Q. Standard low-cost fine-tune recipe?

LoRA on a small (few-B-param) open base model, ~hundreds-thousands curated instruction-response pairs, TRL or Axolotl, single GPU, hours to a day. Managed providers: Together/Modal/Lambda/Anyscale. DPO follows when preference data exists.

Q. Economics rule for 'should I fine-tune?'

Estimate per-task hosted cost × expected lifetime volume vs (fine-tune cost + serving cost). Fine-tune if meaningfully cheaper AND quality at least equal on your eval. Otherwise stay hosted.

Q. The mix architecture and where fine-tuning fits?

Fine-tune high-volume narrow inner sub-tasks (router/classifier/extractor/retriever-rewriter/eval-as-judge). Keep user-facing outer synthesis on frontier hosted. Most production fine-tunes are one or two specific inner sub-tasks; rest stays hosted.

Q. Why train-from-scratch is almost never right for an app team?

Track 15 territory; cost (compute, data, expertise, time) is enormous; result almost always underperforms hosted frontier.
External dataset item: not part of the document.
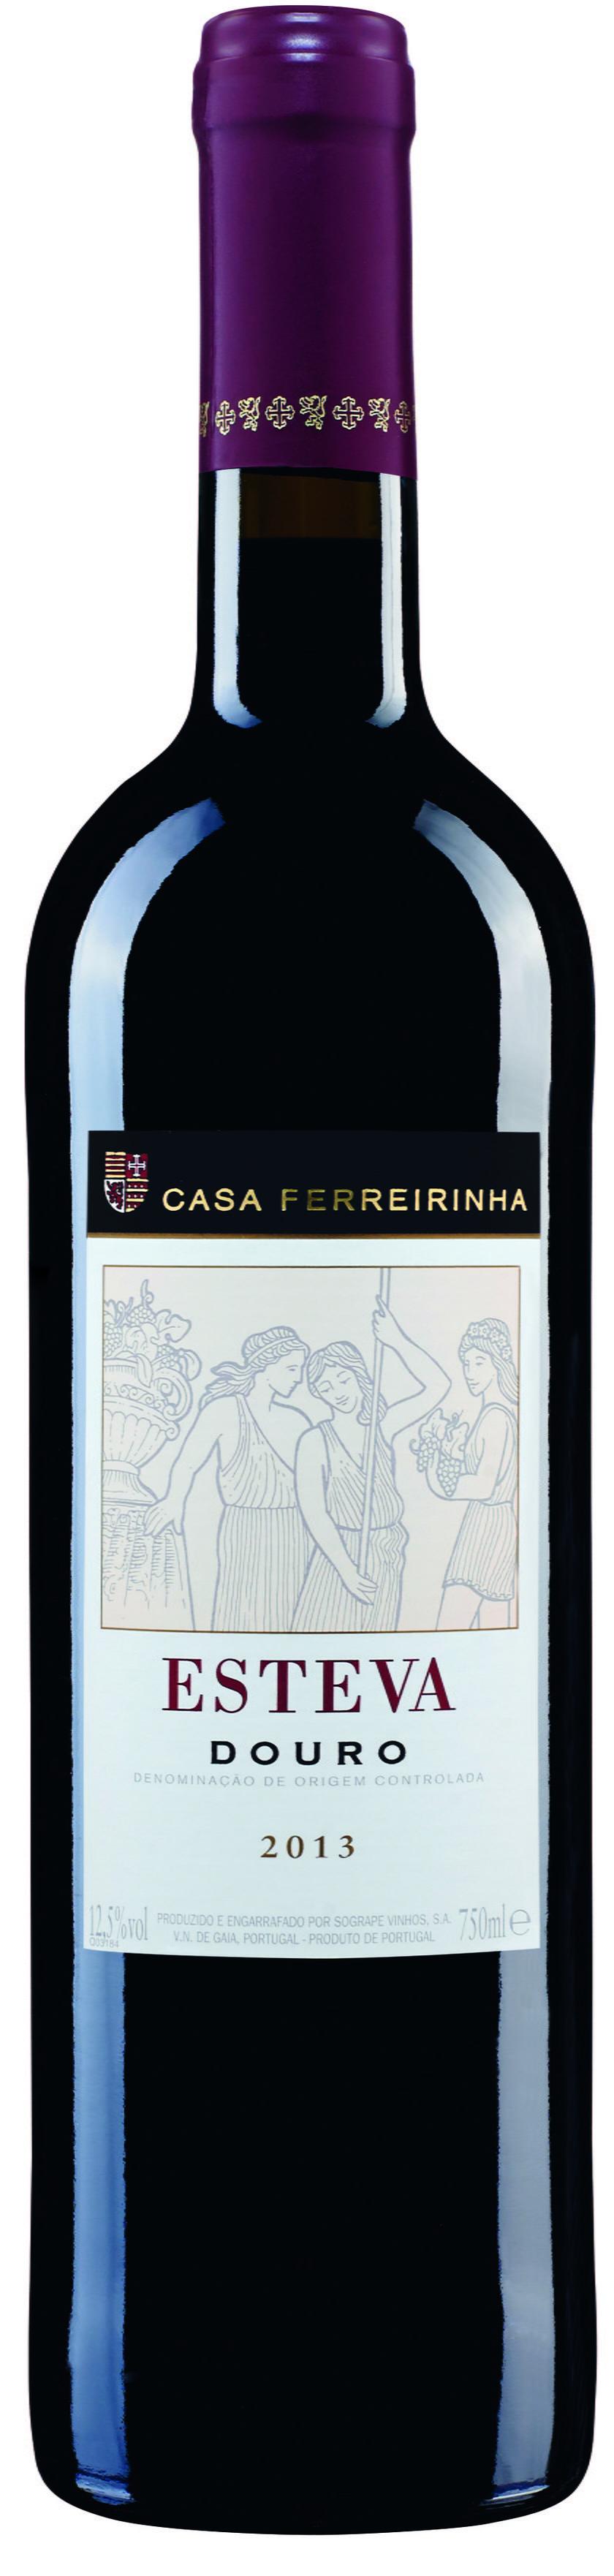 Portugalskie wina z Biedronki

Only research / structural data advantage justifies it. App teams: hosted first; fine-tune specific sub-tasks when volume justifies.

Q. What's out of scope in this lesson, and why?

Training-data policy, alignment debates, contested safety claims. Engineering decision (when/how/cost/quality) and broader debates live in different forums with different stakeholders. Same discipline as T14 L10 + T15 L13.

Q. What does 'crossover' mean for fine-tuning economics?

The cumulative inference-call count where (fine-tune cost + cumulative serving cost) equals (cumulative hosted cost). Past crossover, fine-tuning saves real budget; before it, hosted is cheaper. Volume × lifetime determines whether crossover arrives early enough to matter.